May 2, 2013 Leave a comment
An accredited investor is a person that the SEC deems is sophisticated enough to protect themselves in making investment decisions and therefore does not require certain additional protections under certain securities laws. There are several ways to qualify as an accredited investor with the most common being having either (1) $200,000 (or $300,000 jointly with your spouse) in income over the last 2 years or (2) $1 million in net worth (excluding home value).
Historically, accredited investor status has been very important to startups because securities laws make it is prohibitively expensive and burdensome to take investments from unaccredited investors. If a company sold securities to a non-accredited investor, it would effectively have to make disclosures on par with those required in an IPO.

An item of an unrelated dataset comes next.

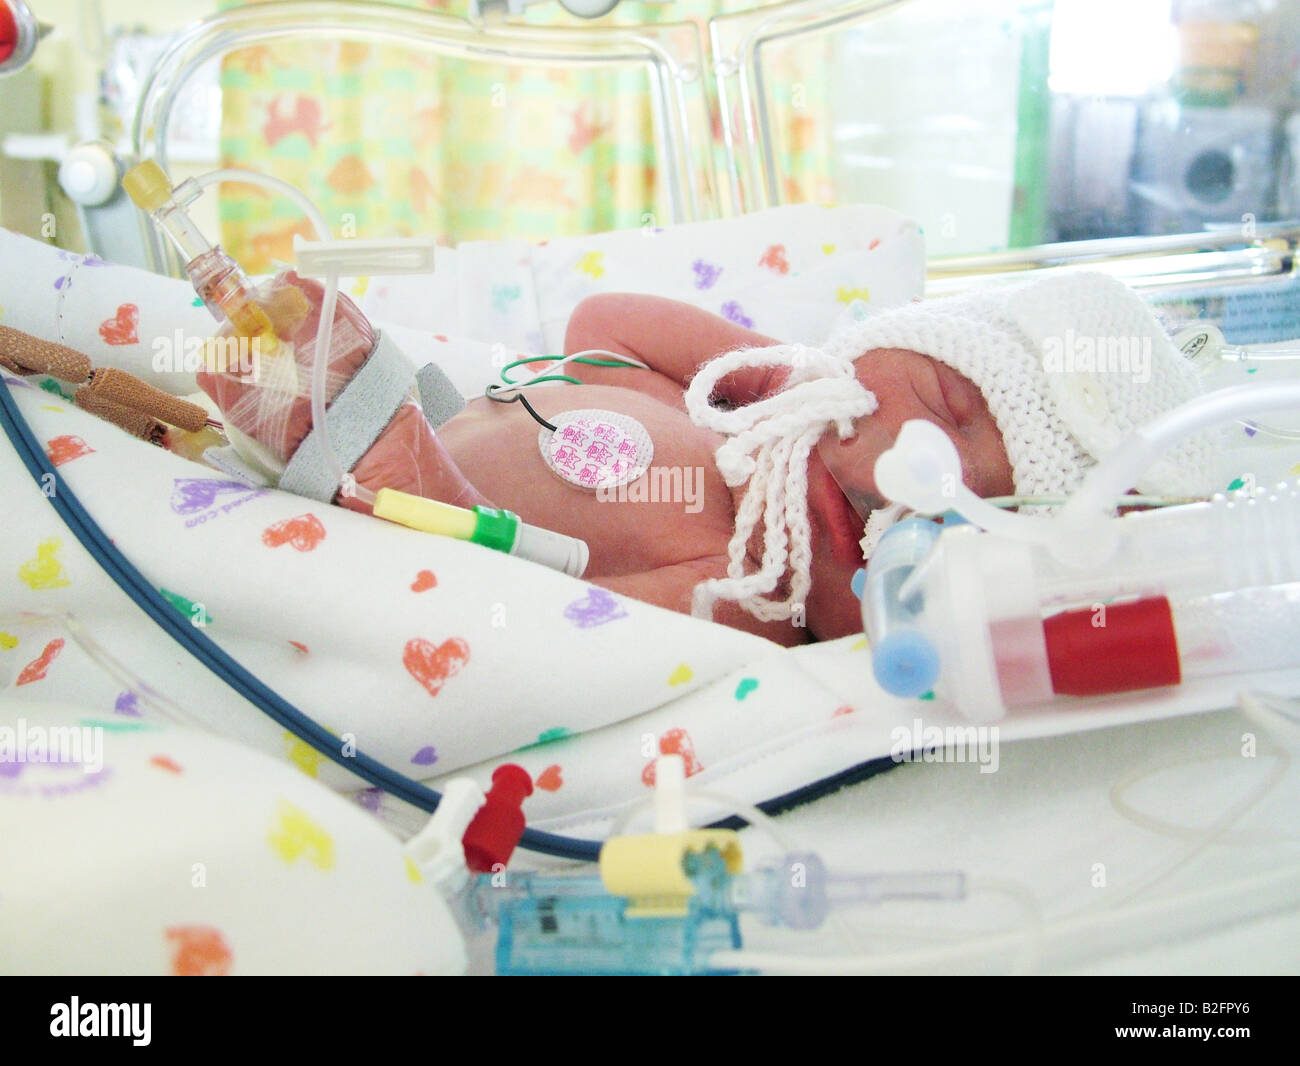 Premature baby in incubator Stock Photo

Now, with passage of the JOBS Act, accredited investor status will take on even greater importance, primarily for two reasons:
Advertising for Angel Investments (General Solicitation in Reg D Offerings)

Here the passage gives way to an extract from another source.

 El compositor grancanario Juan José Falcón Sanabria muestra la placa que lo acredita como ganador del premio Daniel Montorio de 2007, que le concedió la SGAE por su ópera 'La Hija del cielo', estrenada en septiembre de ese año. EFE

Soon (once the SEC finalizes the regulations under the JOBS Act) startups will be able to publicly advertise, or generally solicit, investments in their companies so long as all of the ultimate investors are accredited.
This means that companies would be able to publicize information about its financing round and the opportunity on television, radio, twitter, LinkedIn, Google ads, email blasts and any other method you could conceive of. This represents a sea change in both securities regulation and startup financing.
Currently only 10-15% of accredited investors in the country make any type of angel investments. By allowing advertising to these accredited investors, that number could dramatically increase with the other 85% becoming aware of investment opportunities and finding it much easier to participate (e.g. through an accredited investor funding portals like Gust, AngelList or FundersClub).
There is a catch, however, as to utilize general solicitation companies will now have to take “reasonable steps to verify” that every single one of the participating investors is accredited. In the past, this usually meant simply signing a questionnaire or agreeing to reps and warranties in a purchase agreement, or “self-certifying.” The SEC has specifically said that now, in many cases, this self-certification will not be enough where general solicitation has been used.
Failure to appropriately verify accredited investor status could result in blowing the entire securities exemption with dire consequences, including giving each investor an option to rescind their investment (e.g. get their money back).
Investment Limits in Crowdfunding Offerings (under Title III of the JOBS Act)
Under JOBS Act, individual investors are subject to limits on the amount they can invest in a year through crowdfunding. For an investor with annual income or net worth less than $100,000, the investor may not invest more than the greater of $2,000 or 5% of their annual income or net worth. For an investor with annual income or net worth more than $100,000, the investor may not invest more than the greater of 10% of their annual income or net worth, not to exceed $100,000
What else? How else will accredited investor status become more important?